__TASK DETAILS__
When you reach a picture, skip it, and retype every line below exactly.

__SUPPLIED DATA__
* * * *
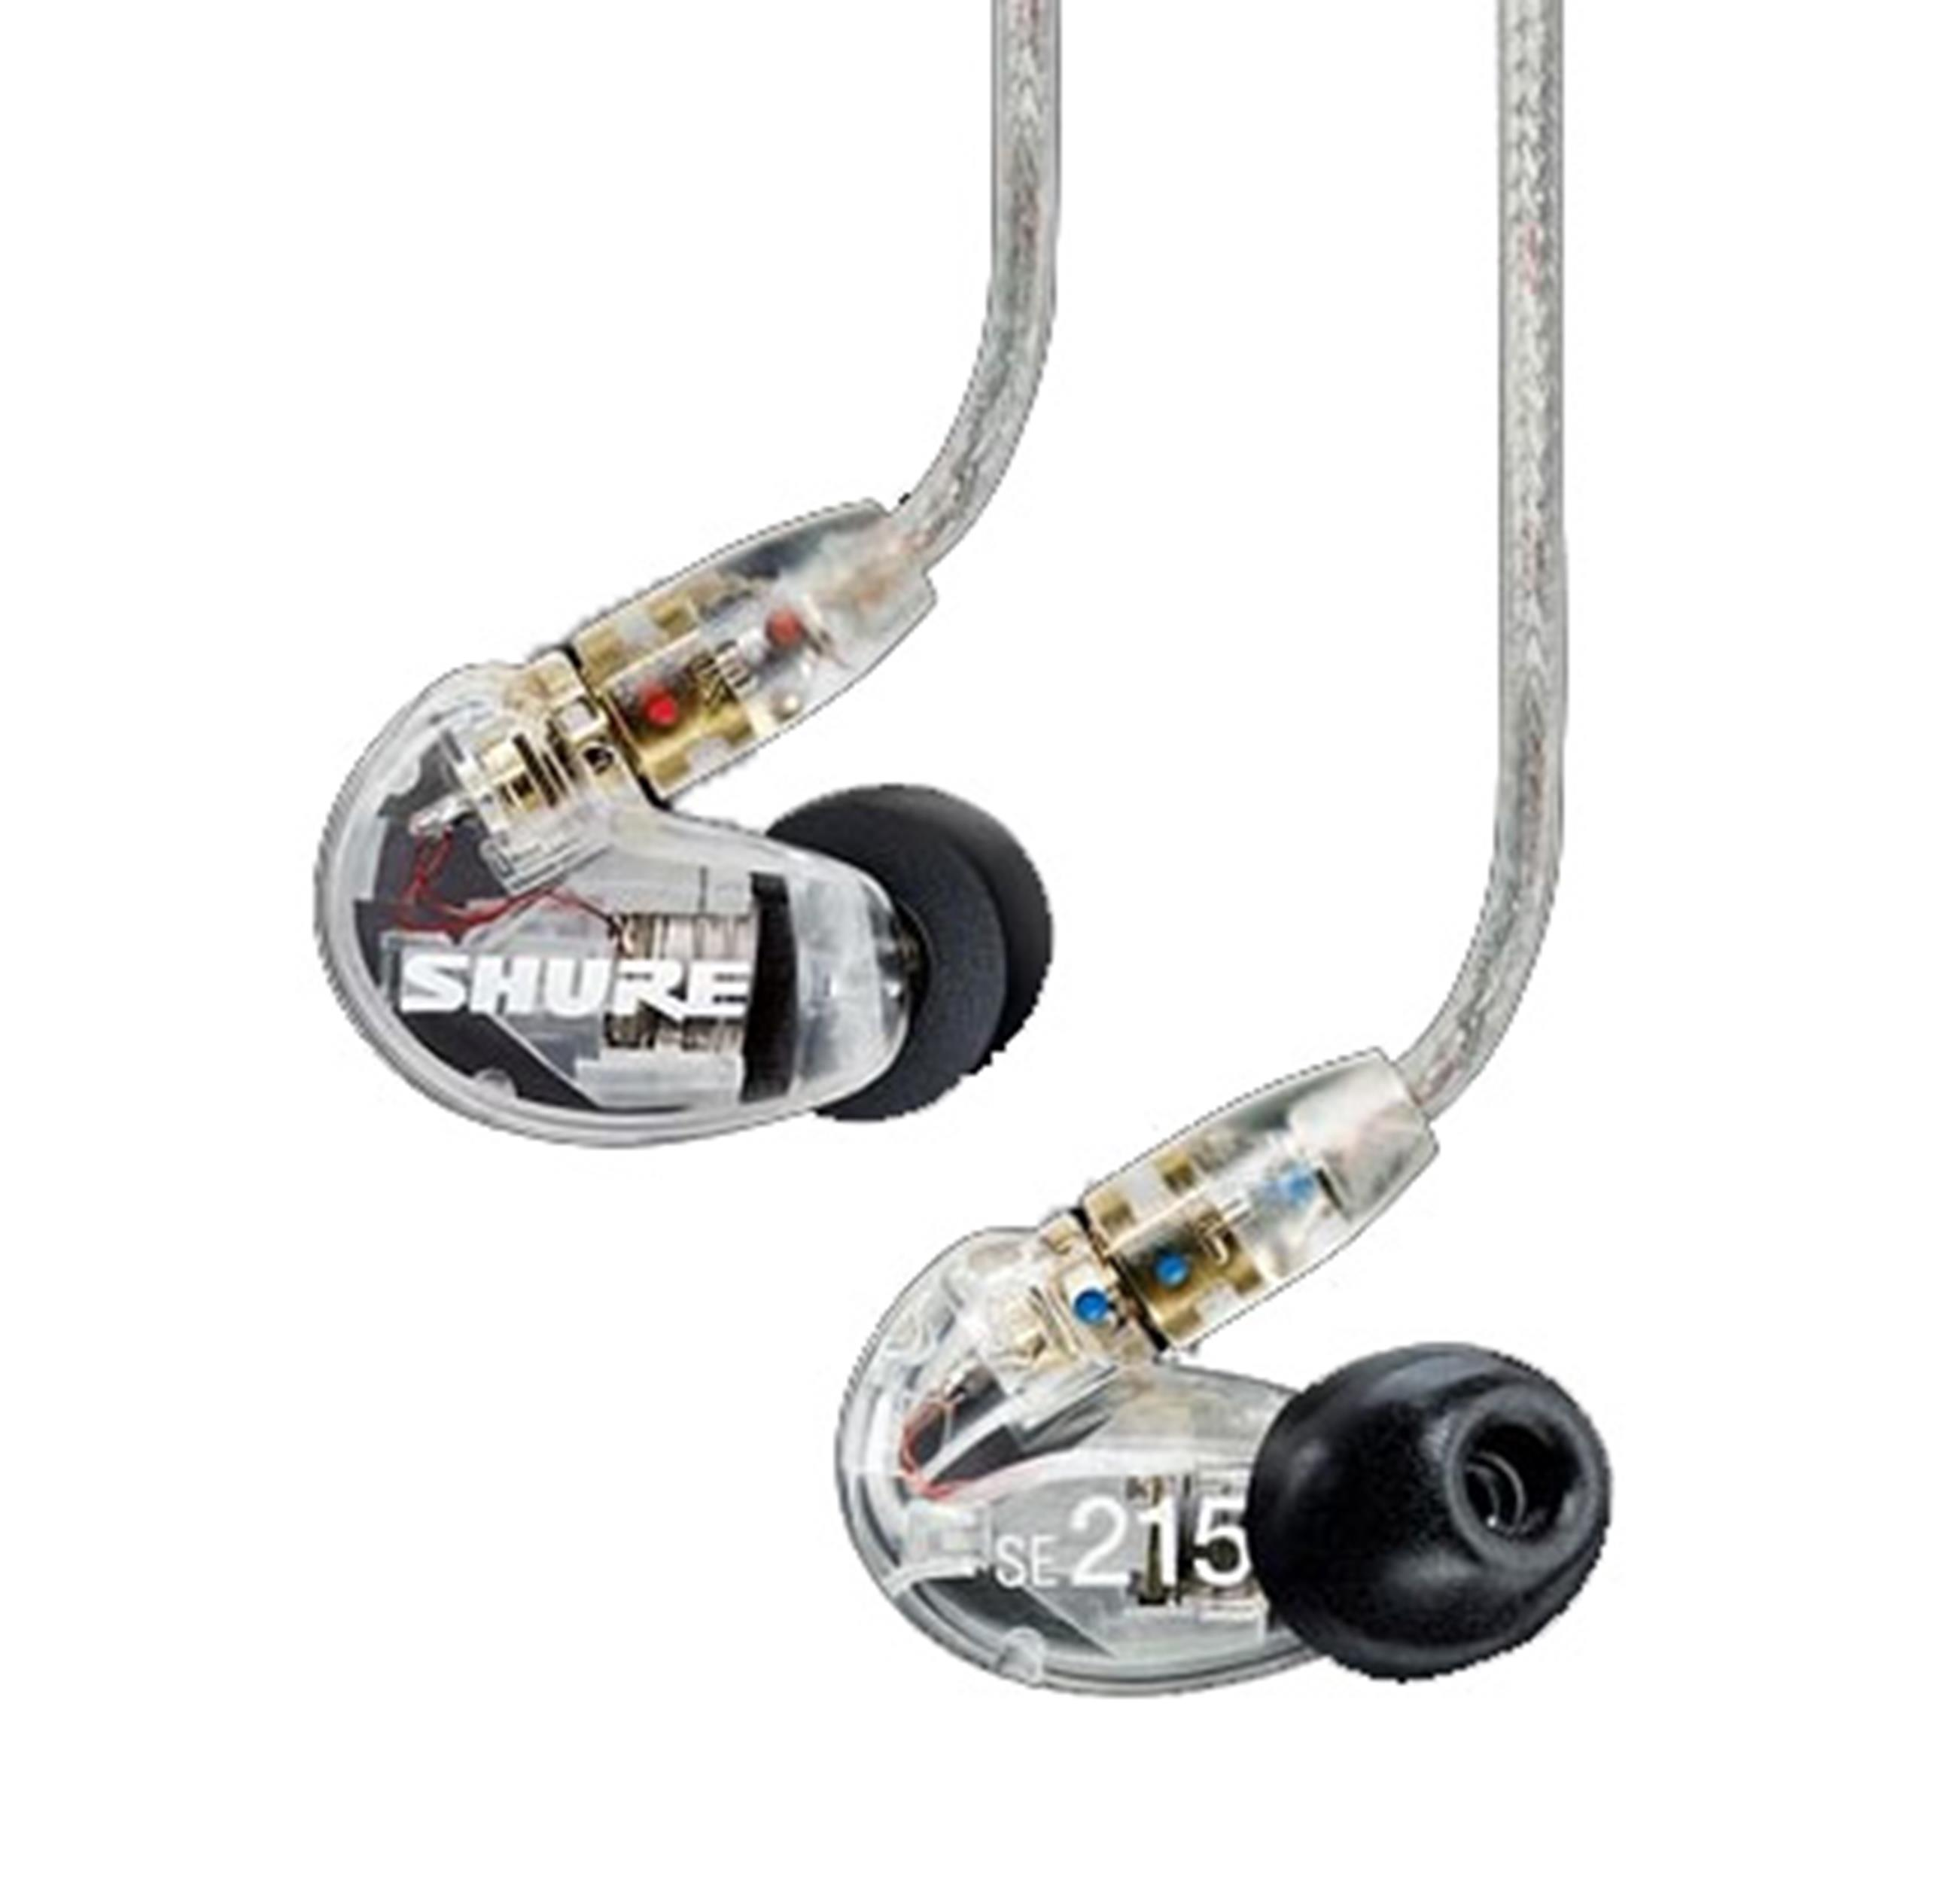 SHURE SE215 TRASPARENTI EAR MONITOR
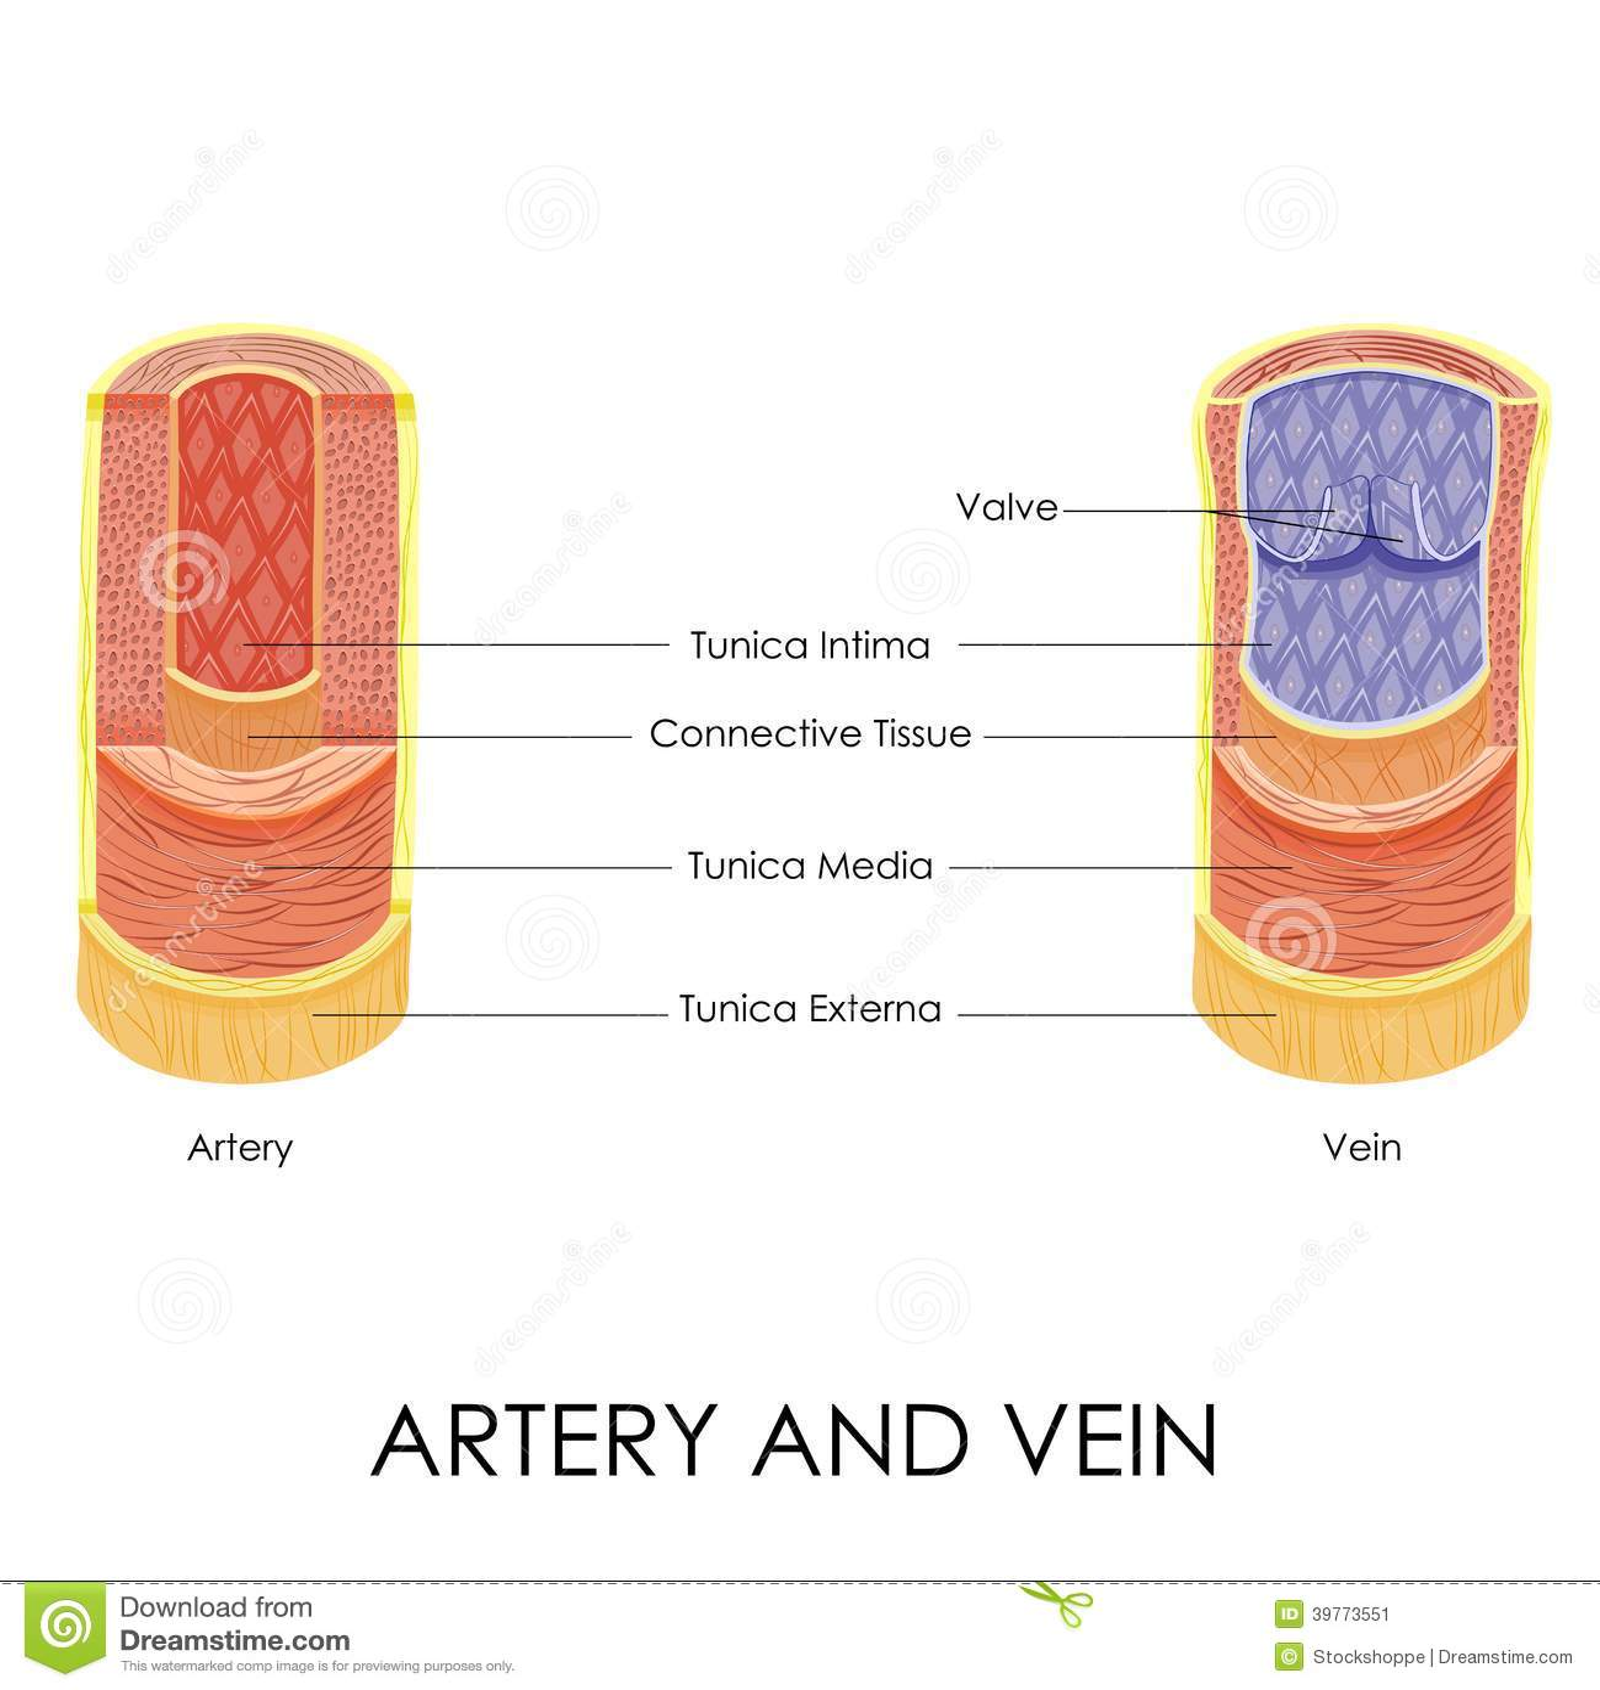 Artery And Vein Stock Vector Illustration Of Blood Intima 39773551
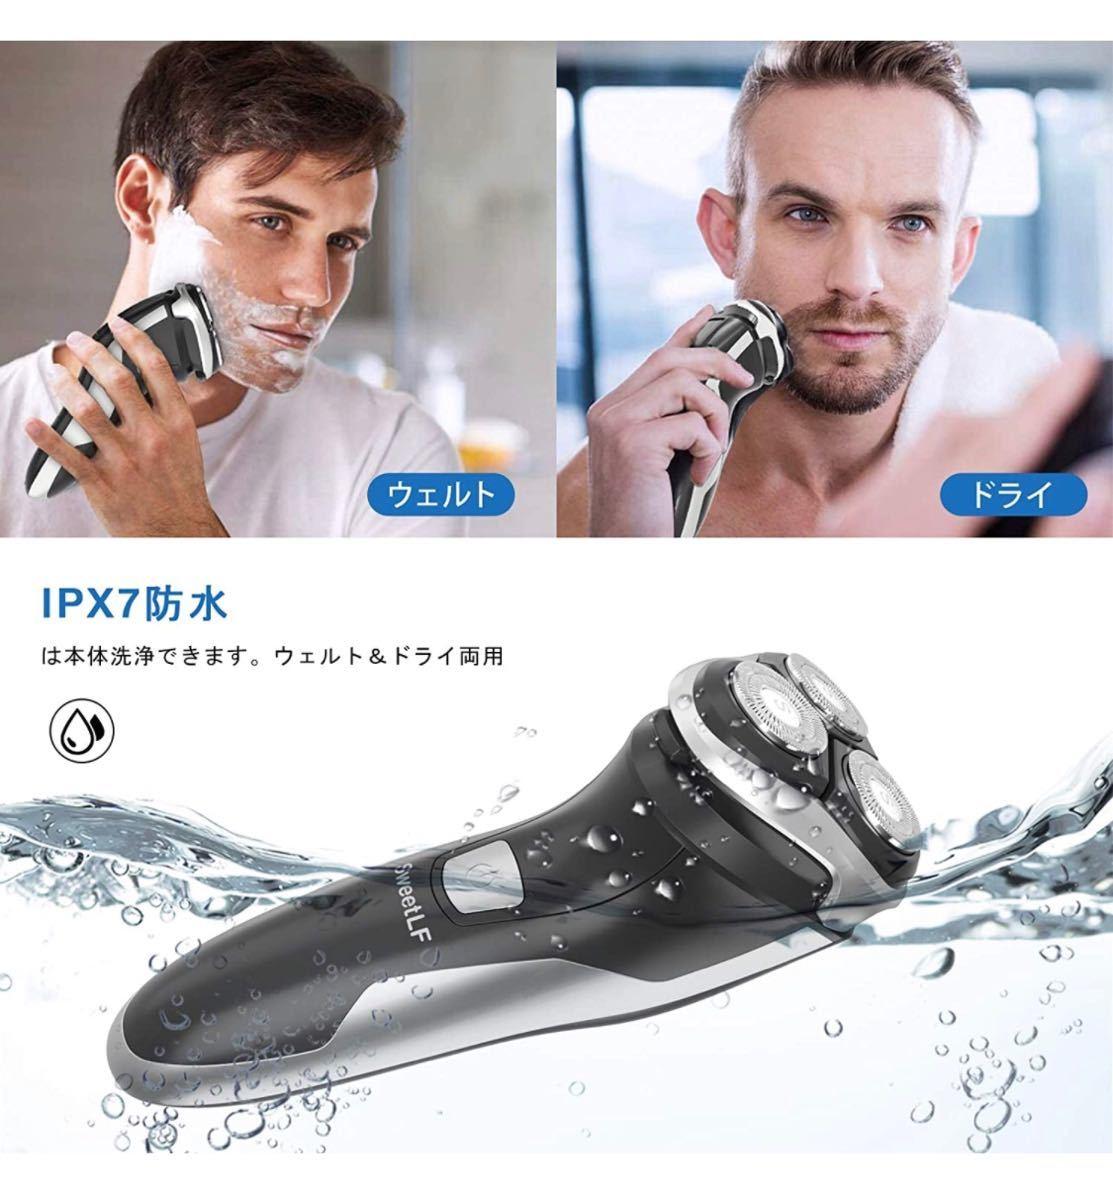 【新品】 電気シェーバー IPX7 USB充電式
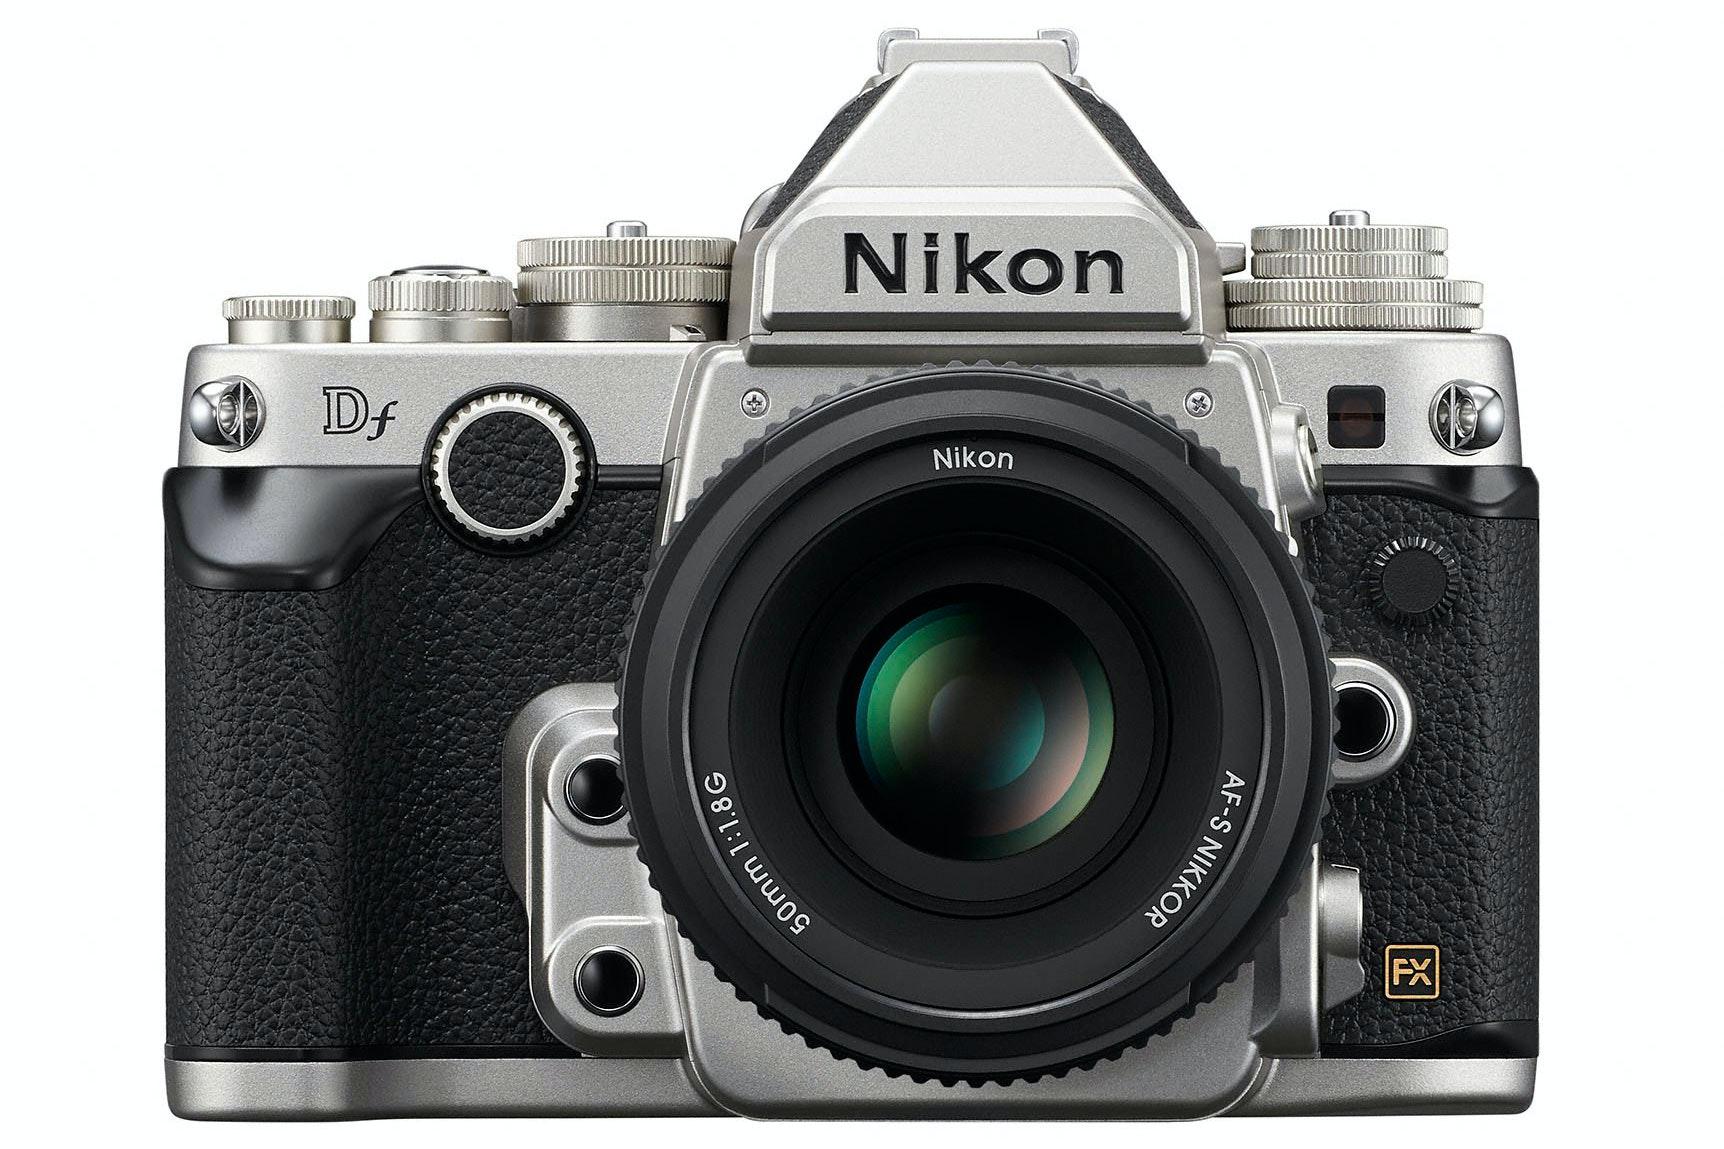 gamla nikon objektiv på nya kameror
* * * *
__WRITTEN SOLUTION__
 SHURE SE215 TRASPARENTI EAR MONITOR
 Artery And Vein Stock Vector Illustration Of Blood Intima 39773551
 【新品】 電気シェーバー IPX7 USB充電式
 gamla nikon objektiv på nya kameror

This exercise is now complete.